He reportedly pled guilty to a misdemeanor gun charge and will not face time in prison or probation violations. For more than a decade, the “Going Bad” rapper was on probation and forced to live under strict guidelines, which made it hard to tend to his career.
“I’m extremely grateful that my long legal battle is finally behind me and I appreciate that it has sparked a much-needed discussion about probation reform and the inequalities that exist within our two Americas,” Mill said after the court mandate. “I have always told the truth—that as a teenager, who saw many around me die from senseless gun violence, I carried a gun for protection.”
Throughout the case’s course, Meek spent an estimated two years in prison for minor offenses like using painkillers and travel violations. For most of the case, he faced Judge Genece Brinkley. According to several reports, she requested controversial things like him featuring her in a remake of a Boyz II Men song or showing up to his community service duties.
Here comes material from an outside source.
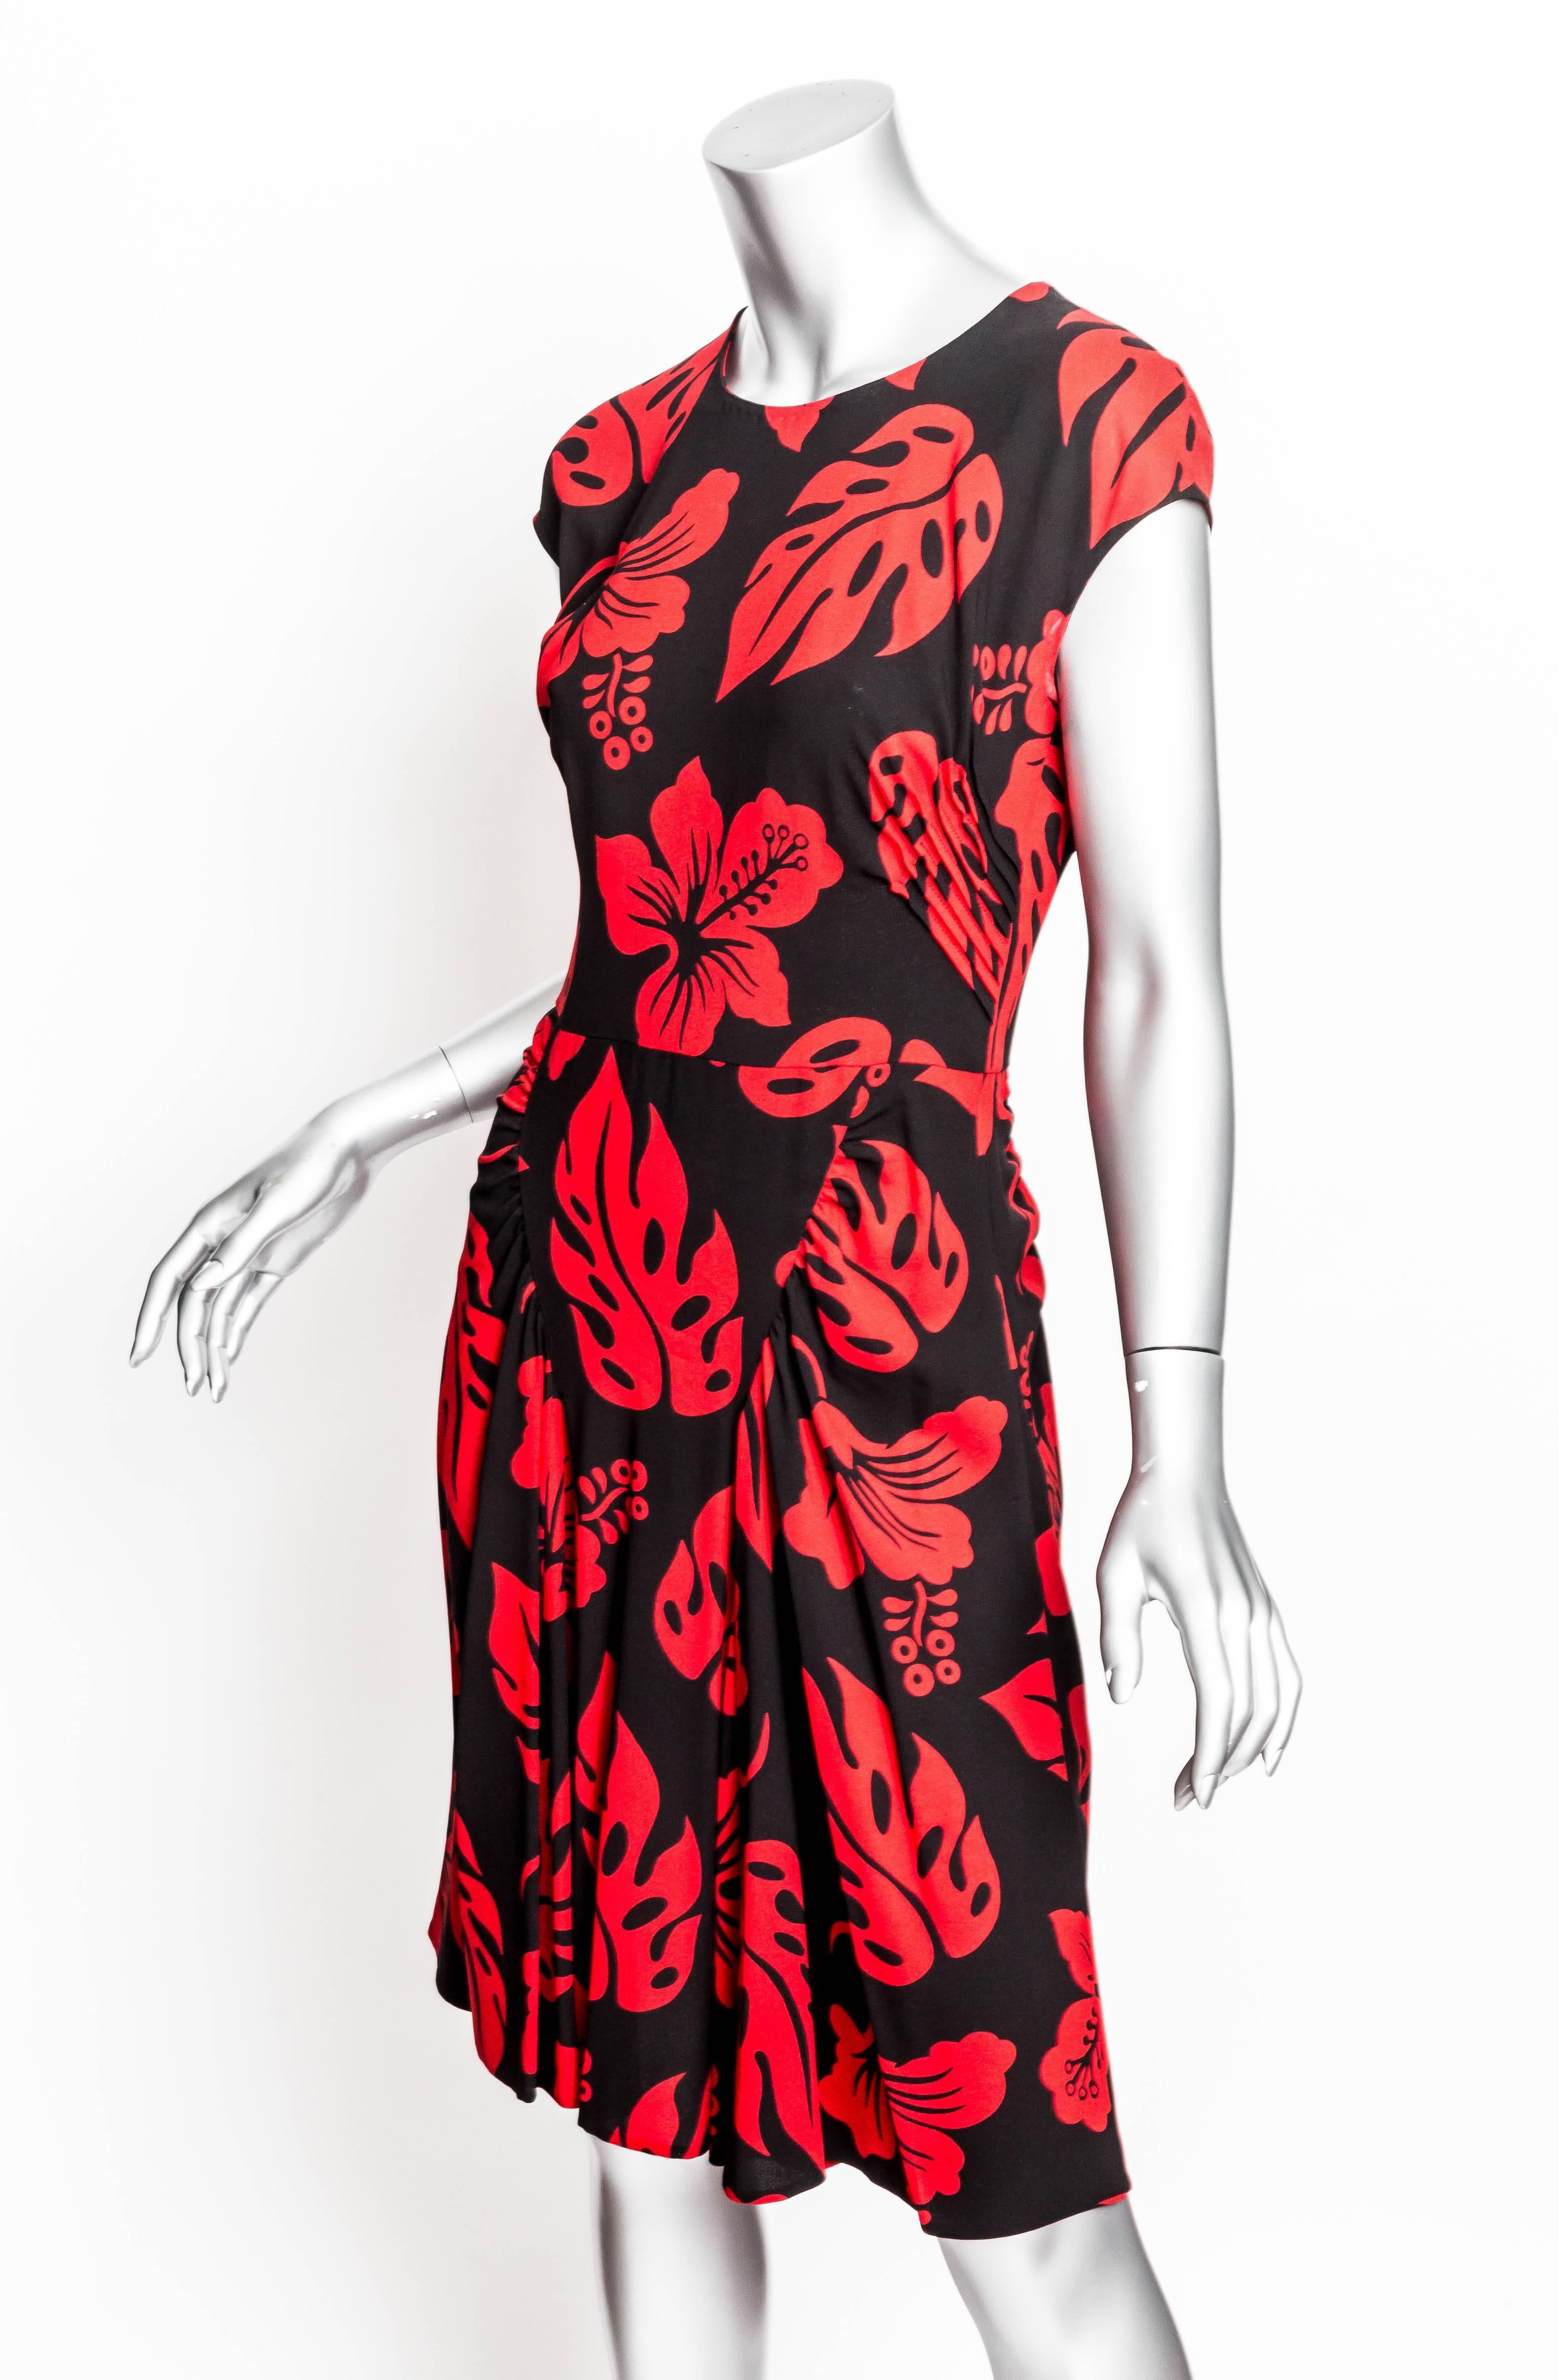 Prada Red and Black Print Dress - 44 2

District Attorney Larry Krasner’s office complied with the 32-year-old’s appeal and stated they would not call the original officer who arrested him because of an internal investigation, which proved that he stole money while on the job and denied it.
After his victory, Mill hopes to remain a pillar of hope for those who are facing a similar plight. “I take responsibility for that and—in conjunction with my work on the REFORM Alliance—I’ll continue to use my platform to make communities safer and reform our criminal justice system,” he said.